Hello,
I got some Fusarium ITS2 sequences from my metataxonomics experiment that I want to check their taxonomic assignation. In order to do that, I'm going to construct a phylogenetic tree with my sequences + a collection of Fusarium ITS2 sequences retrieved from NCBI (I'll probably go with MrBayes for the tree).
I performed the MSA with MAFFT, and now I'm looking at the alignment. I find regions like this one:
I know the typical behaviour here would be to trim these non-conserved regions using something like Gblocks or TrimAl, but I'm not sure if that would be a good thing here since:
- ITS2 are non coding, indel-rich regions, and that variability is what makes them suitable for their use as a marker gene.
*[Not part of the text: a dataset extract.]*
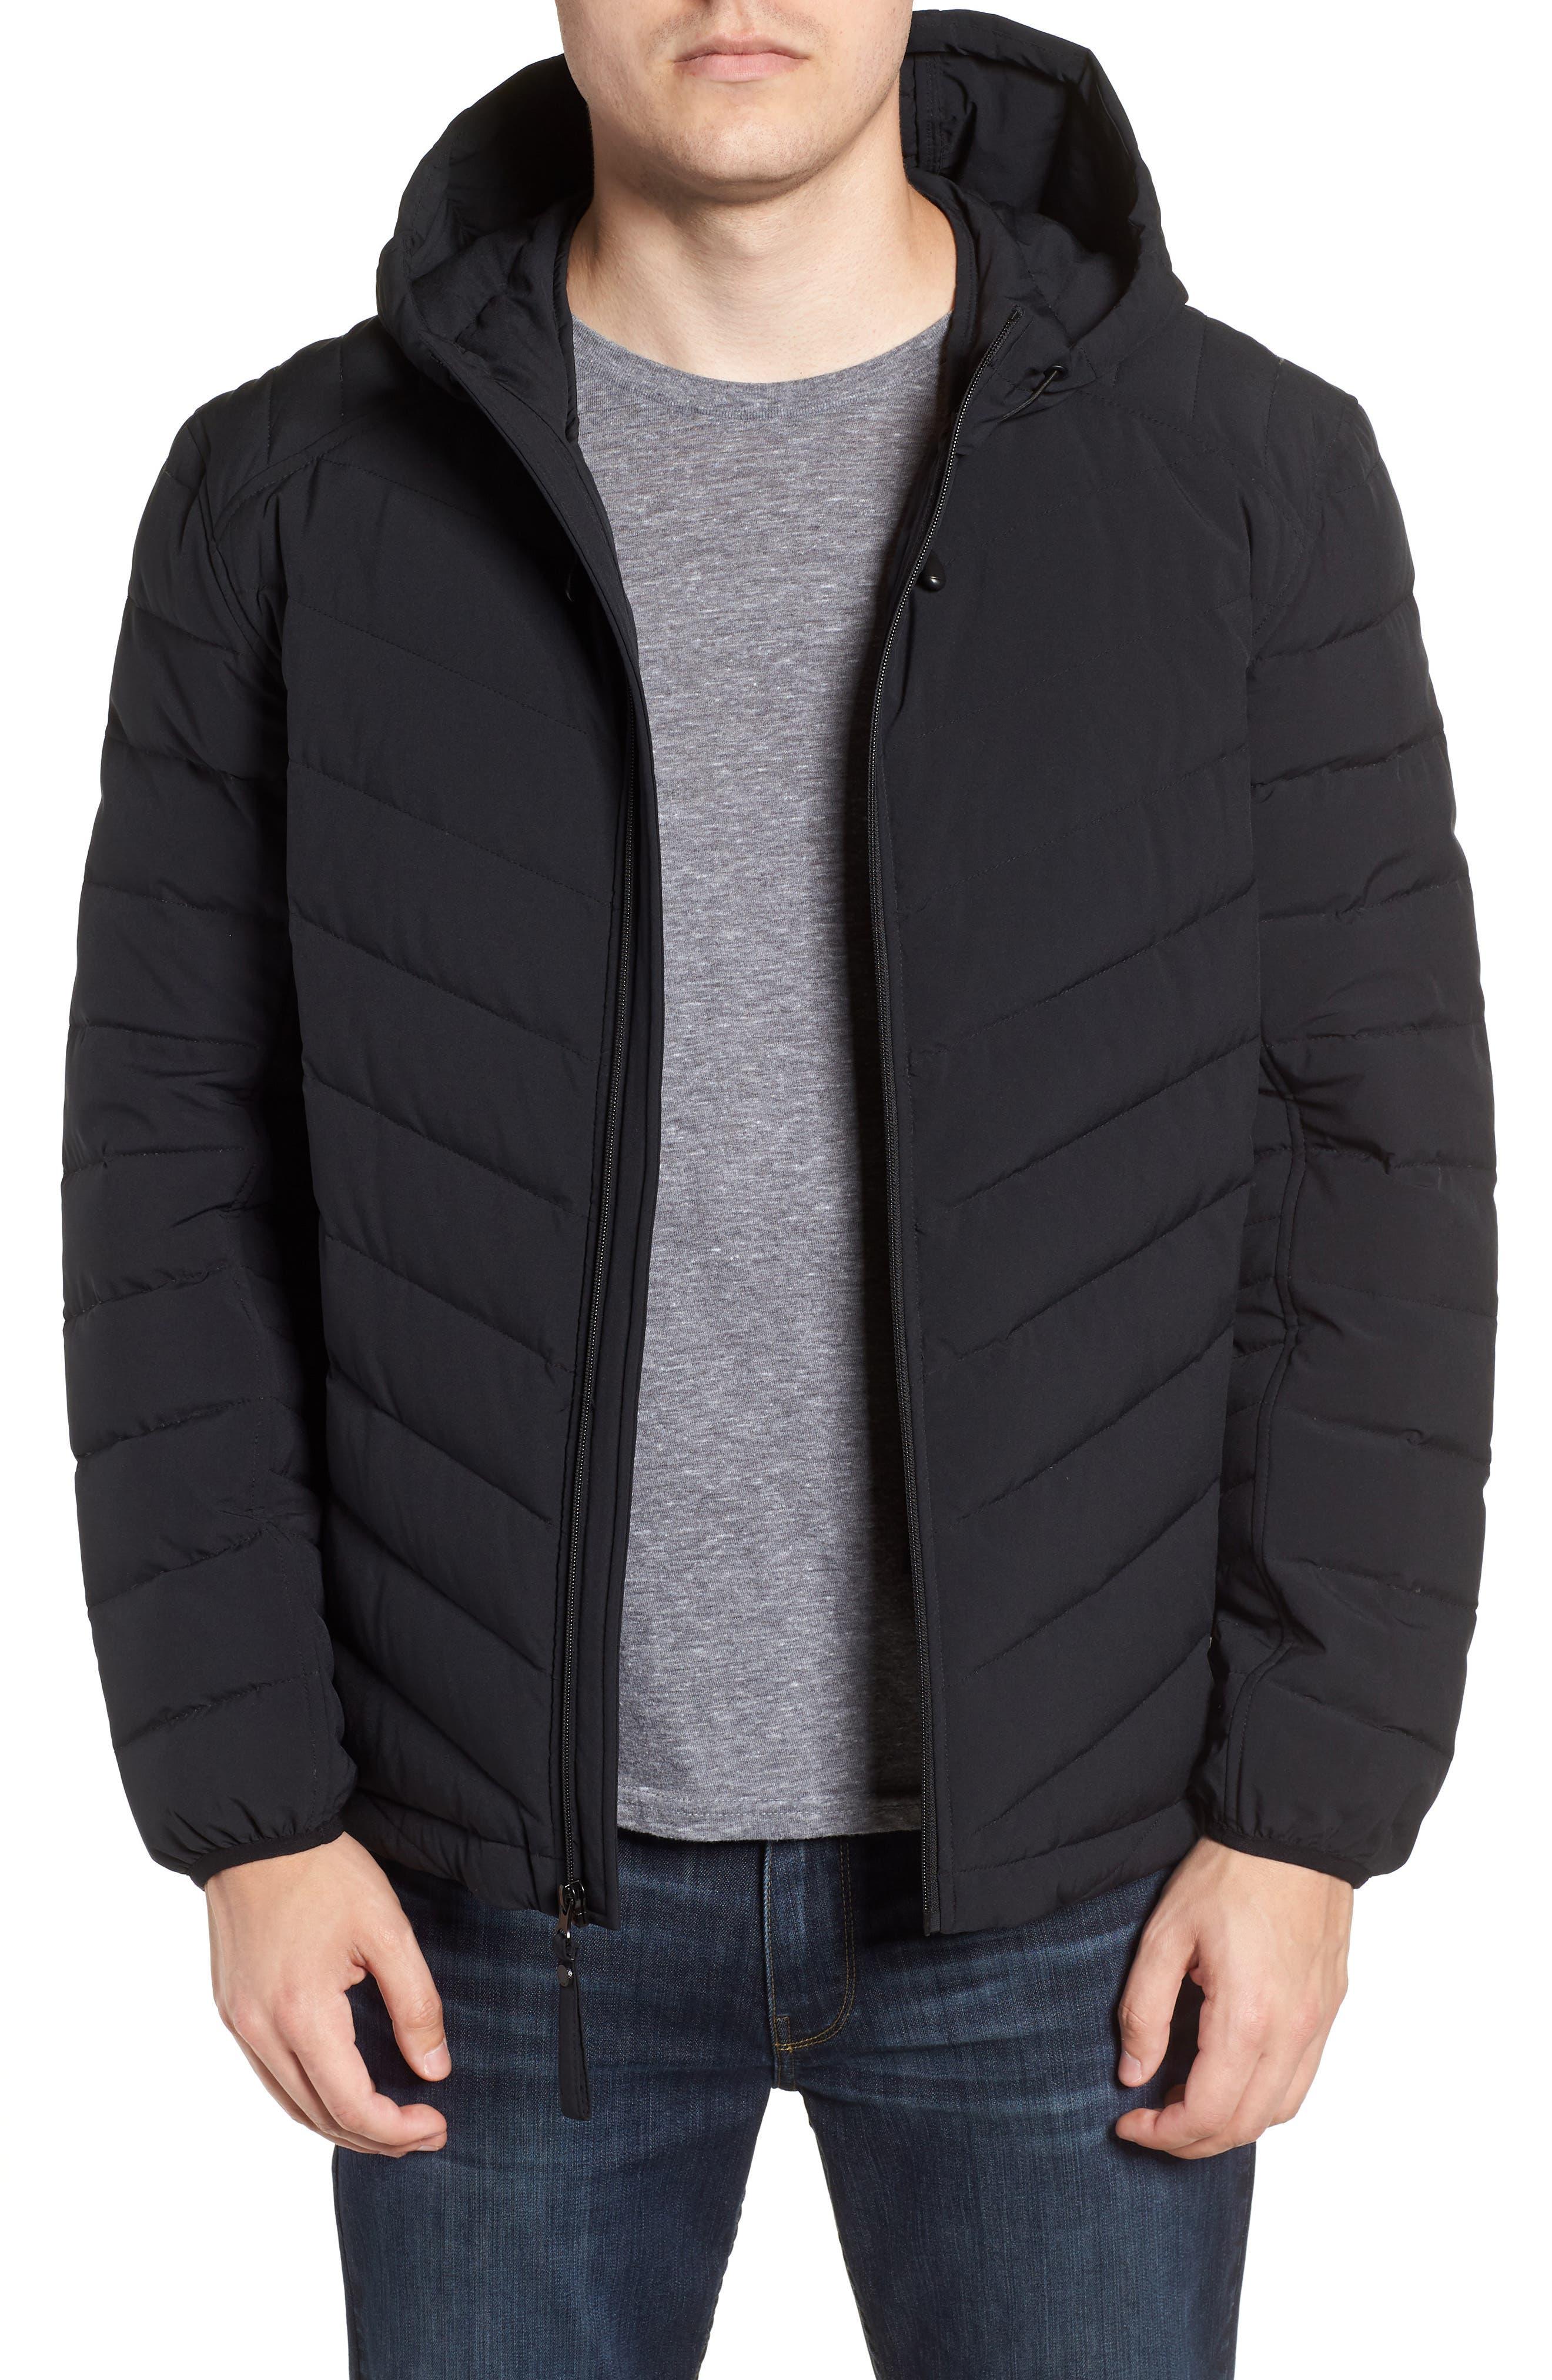 MARC NEW YORK Delavan Down Hooded Jacket, Main, color, BLACK

It is true that this variability would make impossible to obtain e.g. a family-level tree, but in this case the tree would only contain sequences from one genus (Fusarium). If I delete those sections, maybe I'm losing phylogenetic information.
- From the Phylogenetic Handbook: "Not necessarily all positions with gaps need to be discarded (often referred to as “gap stripping”) because they can still contain useful information."
My approach here would be: keep all sections like the one in the picture, and manually correct misaligned nucleotides if necessary. I don't know if anyone working with ITS (or anyone working regularly with MSA) thinks this is a sensible approach, or if I'm missing something obvious and I still need to trim. Any help or guidance here would be highly appreciated.